-- YOUR ASSIGNMENT --
Below are entries. Reproduce exactly the lines between the line holding "St Augustine's Church, Manchester" and the line holding "2 yellow copper", inclusive, and only those.

======== LISTED ENTRIES ========

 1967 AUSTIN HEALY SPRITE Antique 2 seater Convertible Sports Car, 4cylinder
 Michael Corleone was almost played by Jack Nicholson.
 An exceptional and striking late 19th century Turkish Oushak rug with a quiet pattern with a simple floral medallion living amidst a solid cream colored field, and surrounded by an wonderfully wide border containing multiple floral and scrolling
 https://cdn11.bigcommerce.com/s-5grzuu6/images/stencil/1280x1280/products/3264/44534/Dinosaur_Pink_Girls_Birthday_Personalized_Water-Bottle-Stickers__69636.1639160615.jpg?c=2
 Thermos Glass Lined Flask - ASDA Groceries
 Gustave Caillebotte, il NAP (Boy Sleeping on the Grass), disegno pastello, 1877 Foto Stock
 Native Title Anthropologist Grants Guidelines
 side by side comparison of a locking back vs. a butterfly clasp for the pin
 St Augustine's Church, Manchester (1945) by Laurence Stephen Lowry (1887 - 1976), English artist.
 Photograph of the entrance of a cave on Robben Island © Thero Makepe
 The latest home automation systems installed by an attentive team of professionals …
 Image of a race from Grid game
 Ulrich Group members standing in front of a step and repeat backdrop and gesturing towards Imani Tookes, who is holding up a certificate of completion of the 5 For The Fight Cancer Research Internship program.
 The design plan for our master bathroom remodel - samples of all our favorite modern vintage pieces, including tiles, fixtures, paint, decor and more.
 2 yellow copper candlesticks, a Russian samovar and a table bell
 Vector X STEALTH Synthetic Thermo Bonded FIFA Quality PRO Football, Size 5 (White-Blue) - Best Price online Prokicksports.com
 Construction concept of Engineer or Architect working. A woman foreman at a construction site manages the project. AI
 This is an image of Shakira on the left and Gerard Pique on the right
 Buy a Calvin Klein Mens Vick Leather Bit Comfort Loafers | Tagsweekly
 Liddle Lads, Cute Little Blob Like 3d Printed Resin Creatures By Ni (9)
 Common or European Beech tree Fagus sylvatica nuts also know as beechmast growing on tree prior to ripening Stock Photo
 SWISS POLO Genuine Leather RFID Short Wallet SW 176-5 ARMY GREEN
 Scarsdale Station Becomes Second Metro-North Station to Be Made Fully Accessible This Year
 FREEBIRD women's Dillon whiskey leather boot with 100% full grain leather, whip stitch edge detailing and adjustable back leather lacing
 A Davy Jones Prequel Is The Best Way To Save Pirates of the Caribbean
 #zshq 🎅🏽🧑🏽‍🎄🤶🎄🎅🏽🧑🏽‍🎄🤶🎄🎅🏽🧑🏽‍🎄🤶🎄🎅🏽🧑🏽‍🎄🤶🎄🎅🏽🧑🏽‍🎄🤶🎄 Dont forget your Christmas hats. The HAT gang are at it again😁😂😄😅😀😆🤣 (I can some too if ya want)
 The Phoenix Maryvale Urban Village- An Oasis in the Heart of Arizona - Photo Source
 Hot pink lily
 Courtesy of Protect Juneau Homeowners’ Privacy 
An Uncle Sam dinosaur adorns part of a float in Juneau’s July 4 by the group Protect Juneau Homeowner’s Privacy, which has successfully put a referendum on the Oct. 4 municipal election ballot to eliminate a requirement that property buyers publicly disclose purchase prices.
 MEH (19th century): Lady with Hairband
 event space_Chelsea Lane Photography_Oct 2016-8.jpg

========

-- WRITTEN SOLUTION --
 St Augustine's Church, Manchester (1945) by Laurence Stephen Lowry (1887 - 1976), English artist.
 Photograph of the entrance of a cave on Robben Island © Thero Makepe
 The latest home automation systems installed by an attentive team of professionals …
 Image of a race from Grid game
 Ulrich Group members standing in front of a step and repeat backdrop and gesturing towards Imani Tookes, who is holding up a certificate of completion of the 5 For The Fight Cancer Research Internship program.
 The design plan for our master bathroom remodel - samples of all our favorite modern vintage pieces, including tiles, fixtures, paint, decor and more.
 2 yellow copper candlesticks, a Russian samovar and a table bell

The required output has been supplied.